The apex court also asked the Delhi government, which had moved the High Court seeking judgment on the scope of its powers under Article 239 AA of the Constitution, to approach it only after the Delhi High Court decides all the issues including the preliminary issue as to whether it has the jurisdiction over the dispute.

A bench of Justices Dipak Misra and U U Lalit said when the High Court has heard the matter and reserved the judgment on all the issues including the preliminary issue of jurisdiction, it will be open to the Delhi government to approach it after the High Court verdict on the entire issue.

Disposing of the AAP government appeal, the bench said the High Court was a 'constitutional court' and had the power to decide and interpret constitutional matters like this.'

Senior advocate Indira Jaising, appearing for Delhi government, referred to constitutional provisions dealing with the powers of Delhi as a union territory.

"Delhi has an elected and responsible government and judgment of this court applies in this case that the Lt Governor has to run the administration on the aid and advice of the Chief Minister and Council of ministers," Jaising said, adding that this dispute was exclusively triable by the apex court.

"Tell me why you (Delhi government) knocked the door of the Delhi High Court first. You knocked the doors of the Delhi High Court under Article 226. Now High Court has reserved the judgment and every court has the power to determine its jurisdiction. Whether it is adjudicable under Article 226 or under Article 131, the High Court can very well decide the jurisdiction," the bench said.

Jaising in her brief arguments said the High Court has no power to decide the dispute of this nature between the Centre and the state and hence it be asked to decide the jurisdictional aspect as the preliminary issue.

The Supreme Court then asked the senior lawyer as to why the Delhi government did not withdraw its plea from the High Court.

However, SC agreed with the submission of the Delhi government that the dispute of the Constitutional nature between two federal entities should be decided expeditiously.

"You have come with the Special Leave Petition (SLP) in the matter when the High Court has already reserved the judgment," the bench said, adding that High Court is entitled to its views on Constitutional matters as they are 'independent'.

"Had it been a (civil) suit or a writ petition, we will have issued notice instantly. What order can we pass today in this case.

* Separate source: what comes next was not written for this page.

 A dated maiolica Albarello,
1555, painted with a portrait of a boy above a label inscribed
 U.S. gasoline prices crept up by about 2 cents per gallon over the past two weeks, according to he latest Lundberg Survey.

Why should we tell the High Court that decide this issue or don't decide it on merits", the bench said.

Attorney General Mukul Rohatgi, appearing for the Centre, referred to an earlier order of the apex court asking the Delhi High Court to finalise the matter by the end of July this year.

"High Court had reserved the verdict pursuant to Supreme Court's order. This is a misconceived SLP," Rohatgi said.

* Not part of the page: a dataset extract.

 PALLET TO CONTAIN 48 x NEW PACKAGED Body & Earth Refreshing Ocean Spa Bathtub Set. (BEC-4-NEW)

The bench also said "constitutional issues cannot be compromised. Once the matter is pending in the High Court, then it shall decide the issue rightly or wrongly."

Delhi government's plea was listed for today's bench as two judges of the apex court - J S Khehar and L Nageshwar Rao had earlier recused from hearing it.

In its plea, Delhi government, has sought a declaration of its power and to restrain the High Court from delivering the verdict on host of issues including the scope of its powers.